Previously, pszalach (Paweł Szałachowski) wrote…

single line

Done.

---

Comments from Reviewable

[shitz]

Review status: 0 of 3 files reviewed at latest revision, 10 unresolved discussions, some commit checks failed.

---

lib/crypto/trc.py, line 55 at r4 (raw file):

class TRC(object):

Look at how Certificate(Chain) handles errors: they don't log anything but raise an exception with an appropriate error string. We should avoid logging in library code if possible and let the application decide what to do. Please refactor the entire file.

---

lib/crypto/trc.py, line 292 at r4 (raw file):

        return trc_str

    def get_ca_sigs(self):

get_*_sigs can all be merged in one method get_sigs(self, sig_type).
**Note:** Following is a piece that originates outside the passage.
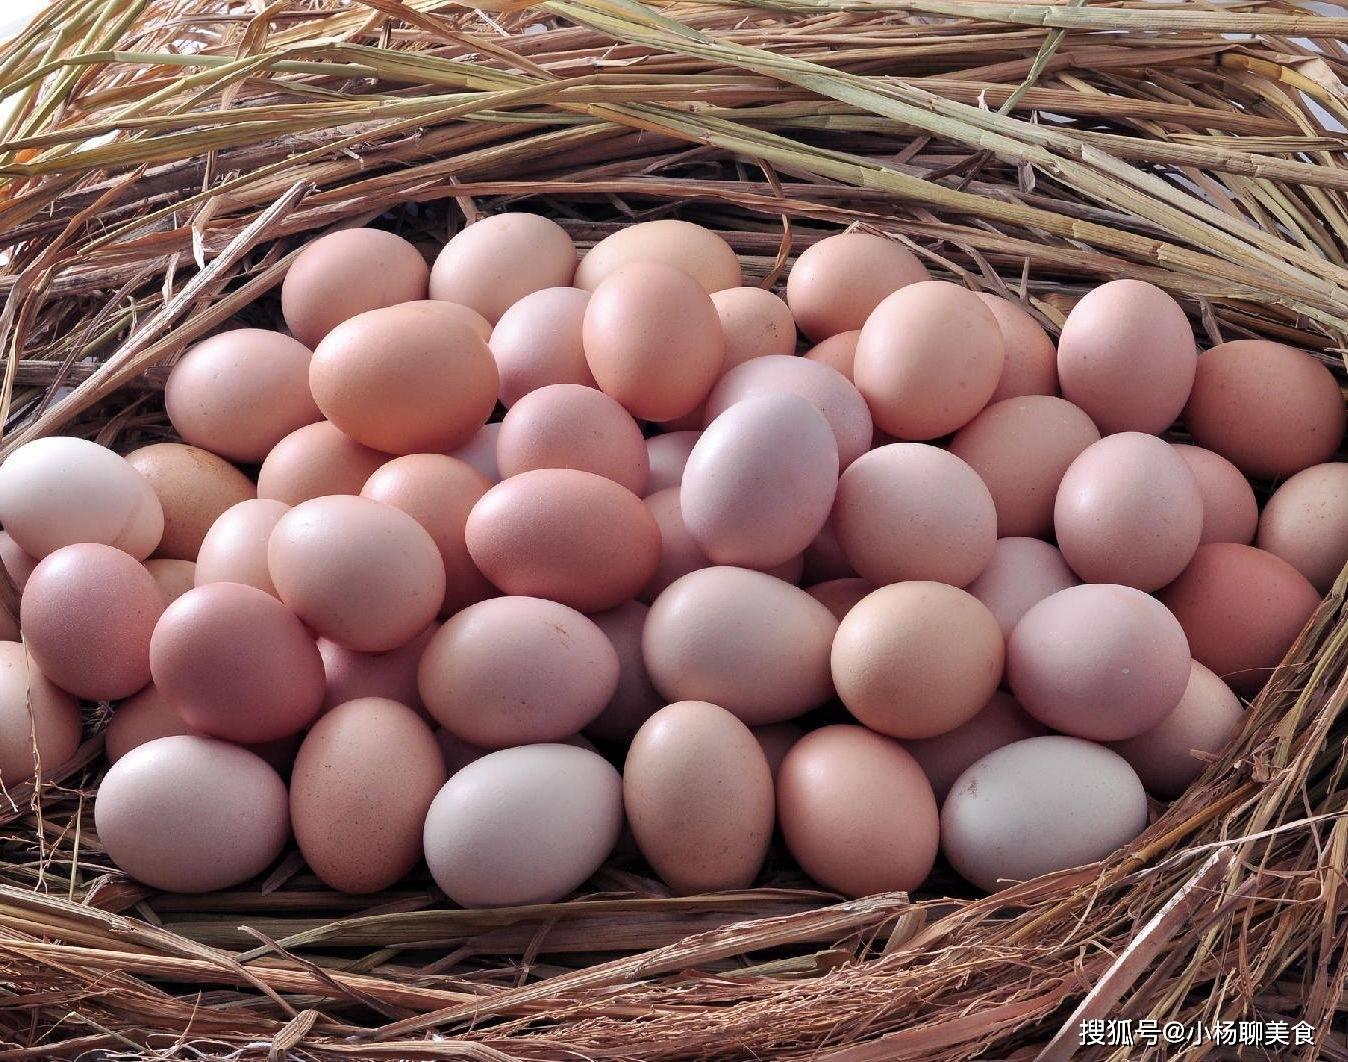 提个醒:此种鸡蛋不可食用,更不要买,别怪我没提醒你!

All you have to do is change one line: if type_ == sig_type and have them all return a list of triples (isd, ca_name, signature) which is good for consistency anyway.

---

Comments from Reviewable

[sezergueler]

Review status: 0 of 3 files reviewed at latest revision, 10 unresolved discussions.

---

lib/crypto/trc.py, line 55 at r4 (raw file):

Previously, shitz wrote…

Look at how Certificate(Chain) handles errors: they don't log anything but raise an exception with an appropriate error string. We should avoid logging in library code if possible and let the application decide what to do. Please refactor the entire file.

Done.

---

lib/crypto/trc.py, line 292 at r4 (raw file):

Previously, shitz wrote…

get_*_sigs can all be merged in one method get_sigs(self, sig_type). All you have to do is change one line: if type_ == sig_type and have them all return a list of triples (isd, ca_name, signature) which is good for consistency anyway.

Done.

---

Comments from Reviewable

[shitz]

I'm going to close this, since it's highly unlikely this will ever get merged.